[T]he prairie plants yearly repeat their story, in technicolor, from the first pale blooms of pasque in April to the wine-red plumes of bluestem in the fall. All but the blind may read, and gather from the reading new lessons in the meaning of America.
Aldo Leopold author, wildlife biologist and conservationist
By Katy Read • katy.read@startribune.com
They're not towering, like mountains, or unfathomably deep, like oceans. They're flat or gently rolling treeless grasslands — the kind of landscape that coastal types like to dismiss as "flyoverland."

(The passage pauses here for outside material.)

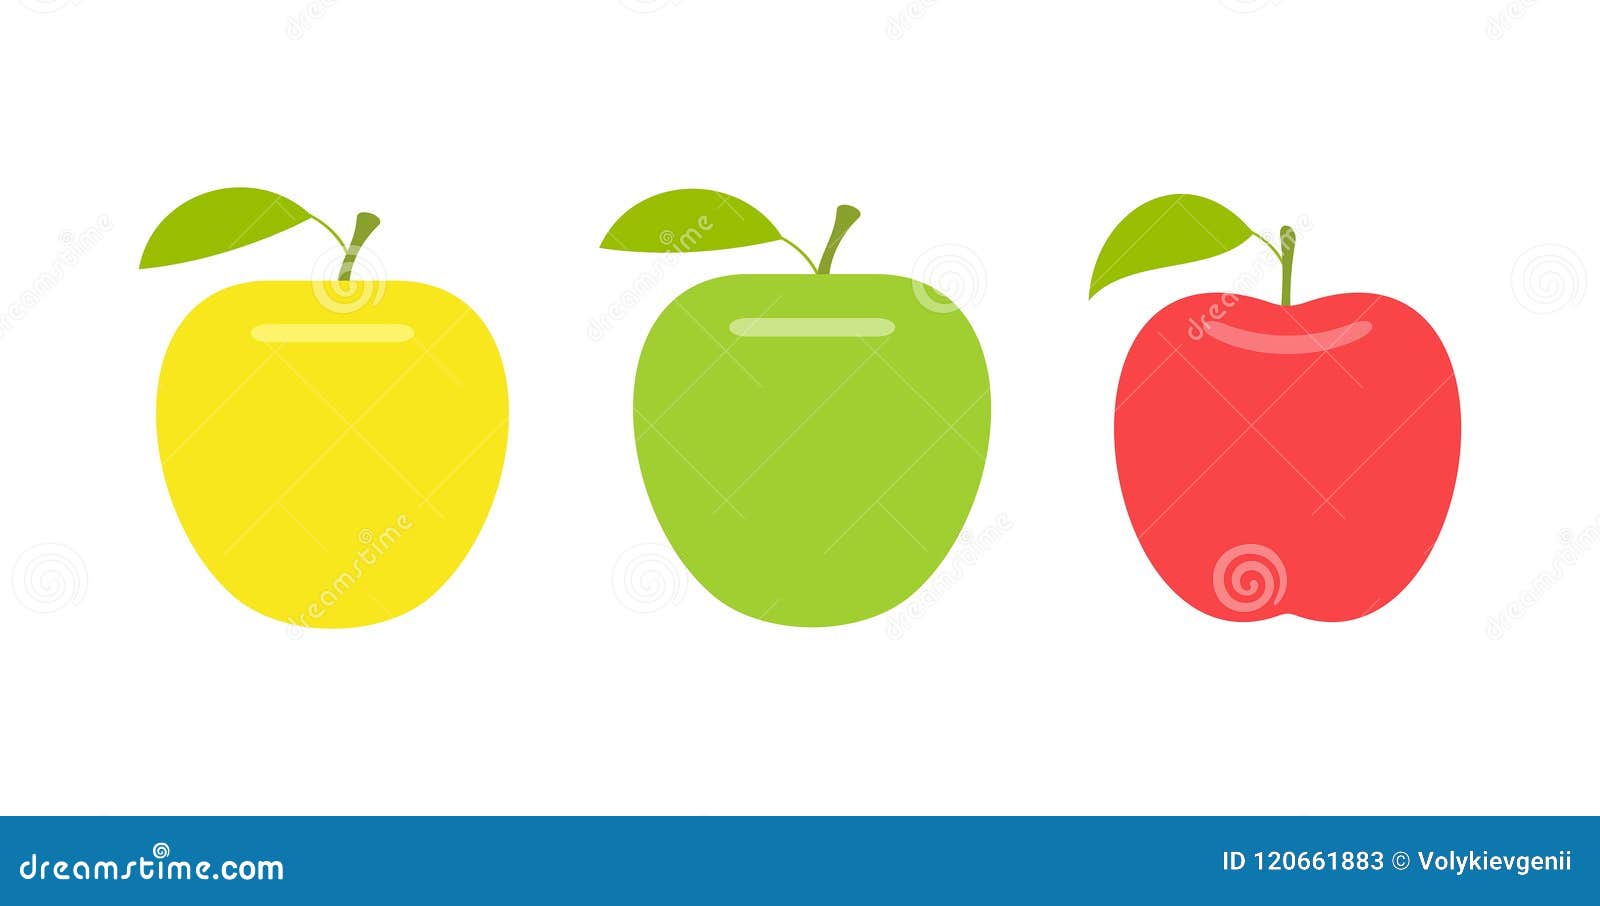 Раздаточный материал яблоки зеленые, красные, желтые

But prairies have their own subtle grandeur.
"To really appreciate a prairie, it's best to go walk in it and sit down, so that you're at eye level with the wildflowers," said Margaret Kuchenreuther, an associate professor of biology and coordinator of the environmental studies program at the University of Minnesota, Morris. "I love how the grass looks like waves in an ocean on a day when it's windy. It's quiet, but with the music of the wind, the meadowlark, the clay-colored sparrow, maybe a few katydids, it's magical."
Three factors shaped the prairies, Kuchenreuther said: drought, fire and grazing bison. Long droughts invited tough, narrow-leaved plants whose roots extend far underground. Wildfires and bison kept trees away.
To a prairie, trees are invasive species.